Treatment for high-risk neuroblastoma using naxitamab and GM-CSF
A Pivotal Phase 2 Trial of Antibody Naxitamab (hu3F8) and Granulocyte-Macrophage Colony Stimulating Factor (GM-CSF) in High-Risk Neuroblastoma Patients With Primary Refractory Disease or Incomplete Response to Salvage Treatment in Bone and/or Bone Marrow
PHASE2 · Y-mAbs Therapeutics · NCT03363373
This study is testing a new treatment combining naxitamab and GM-CSF for children and adults with high-risk neuroblastoma who haven't responded well to previous therapies.
Quick facts
| Phase | PHASE2 |
|---|---|
| Study type | Interventional |
| Enrollment | 122 (estimated) |
| Ages | 1 Year and up |
| Sex | All |
| Sponsor | Y-mAbs Therapeutics (industry) |
| Drugs / interventions | chemotherapy, immunotherapy, naxitamab |
| Locations | 26 sites (Gainesville, Florida and 25 other locations) |
| Trial ID | NCT03363373 on ClinicalTrials.gov |
What this trial studies
This clinical trial aims to treat children and adults with high-risk neuroblastoma who have primary refractory disease or an incomplete response to previous salvage treatments. Participants will receive naxitamab, a humanized monoclonal antibody targeting GD2, along with granulocyte-macrophage colony-stimulating factor (GM-CSF) over a treatment period of up to 101 weeks. The treatment regimen includes multiple cycles of GM-CSF and naxitamab, with patients monitored for up to five years after their first dose to assess long-term outcomes.

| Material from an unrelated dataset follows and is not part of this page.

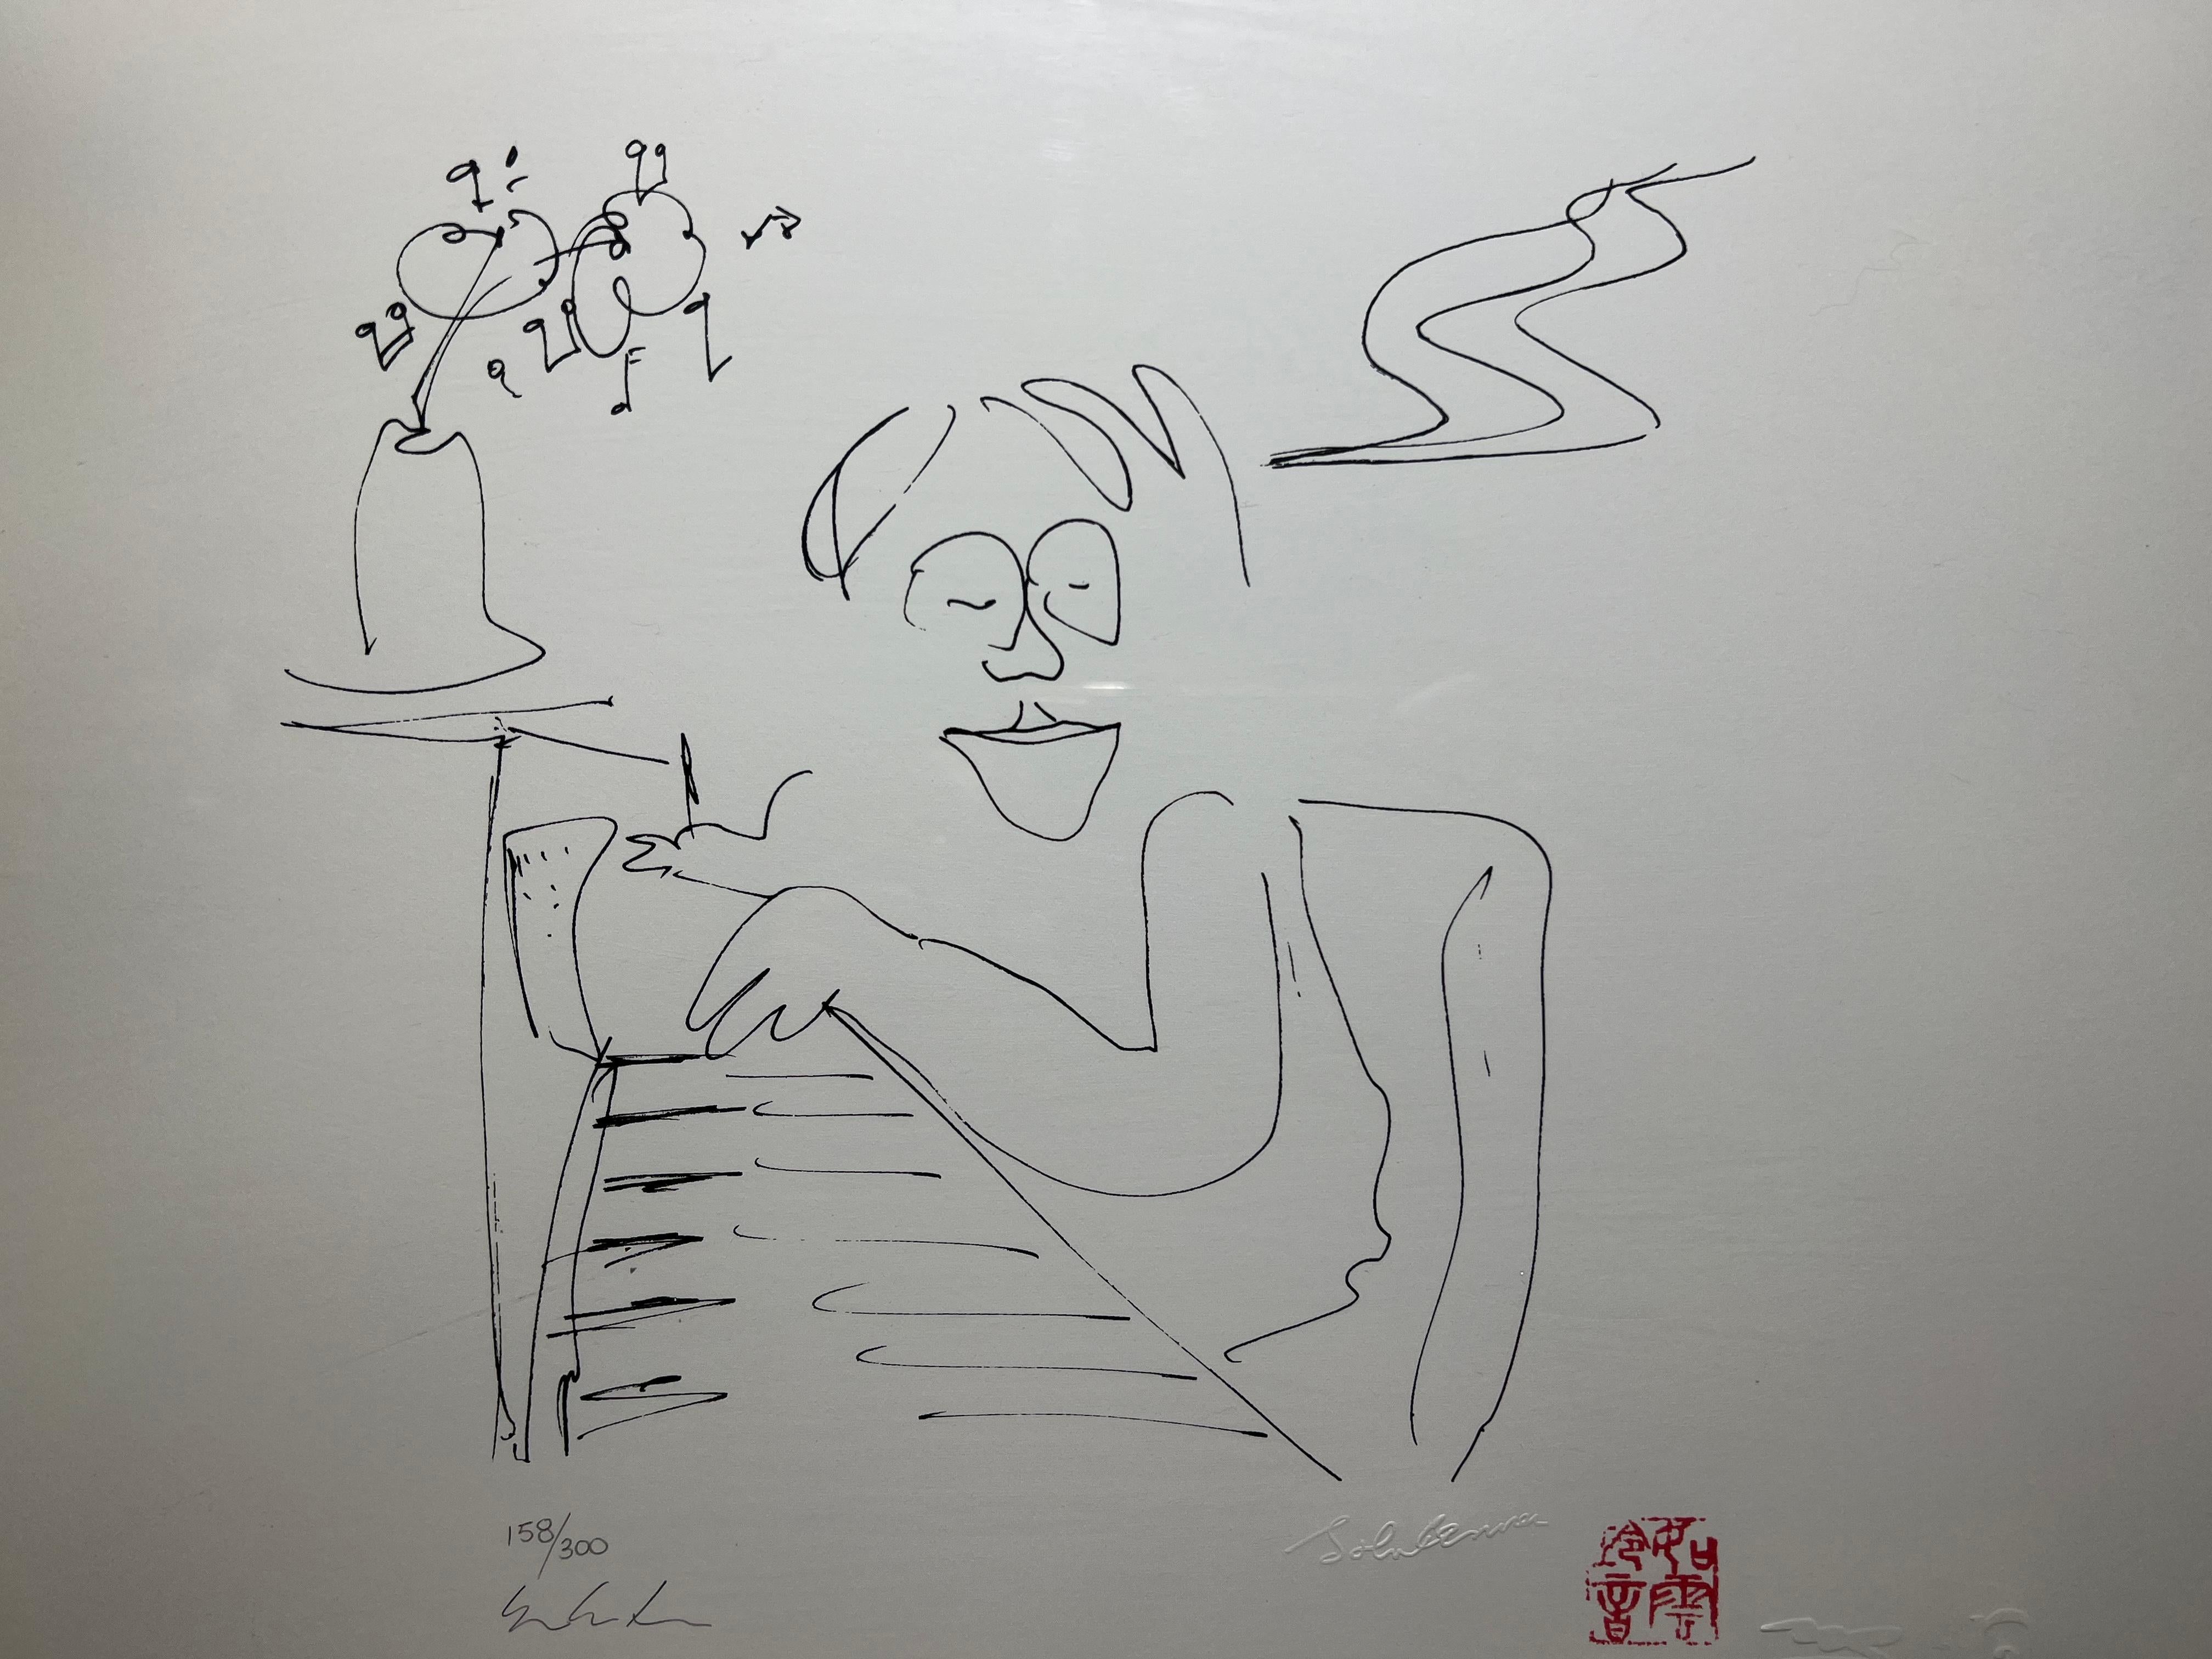 BABY GRAND sign  la main par Yoko Ono, dition 158/300  - Gris Abstract Print par John Lennon

Who should consider this trial
Good fit: Ideal candidates include children and adults diagnosed with high-risk neuroblastoma who have not responded adequately to previous treatments.
Not a fit: Patients with neuroblastoma that has spread outside of bone and bone marrow or those with major organ dysfunction may not benefit from this study.
Why it matters
Potential benefit: If successful, this treatment could improve survival rates and outcomes for patients with high-risk neuroblastoma.
How similar studies have performed: Other studies using similar monoclonal antibody approaches have shown promise, indicating potential for success in this trial.
Eligibility criteria
Show full inclusion / exclusion criteria
Inclusion Criteria: * Diagnosis of neuroblastoma as defined per International Neuroblastoma Response Criteria * High-risk neuroblastoma patients with either primary refractory disease or incomplete response to salvage treatment (in both cases including stable disease, minor response and partial response) evaluable in bone and/or bone marrow. * Life expectancy ≥ 6 months Exclusion Criteria: * Any systemic anti-cancer therapy, including chemotherapy or immunotherapy, within 3 weeks before 1st dose of GM-CSF * Evaluable neuroblastoma outside bone and bone marrow * Existing major organ dysfunction \> Grade 2, with the exception of hearing loss, hematological status, kidney and liver function * Active life-threatening infection
Where this trial is running
Gainesville, Florida and 25 other locations
- University of Florida — Gainesville, Florida, United States (WITHDRAWN)
- University of Chicago — Chicago, Illinois, United States (WITHDRAWN)
- Riley Hospital for Children — Indianapolis, Indiana, United States (ACTIVE_NOT_RECRUITING)
- Memorial Sloan Kettering Cancer Center — New York, New York, United States (ACTIVE_NOT_RECRUITING)
- Nationwide Children's Hospital — Columbus, Ohio, United States (WITHDRAWN)
- M.D. Anderson Cancer Center — Houston, Texas, United States (WITHDRAWN)
- The Hospital for Sick Children — Toronto, Canada (RECRUITING)
- Rigshospitalet — Copenhagen, Denmark (RECRUITING)
- Hopital pour enfants de la Timone — Marseille, Marseille, France (WITHDRAWN)
- University Medical Center Hamburg-Eppendorf — Hamburg, Germany (RECRUITING)
- Johannes Gutenberg-Universität — Mainz, Germany (RECRUITING)
- University Hospital Regensburg — Regensburg, Germany (RECRUITING)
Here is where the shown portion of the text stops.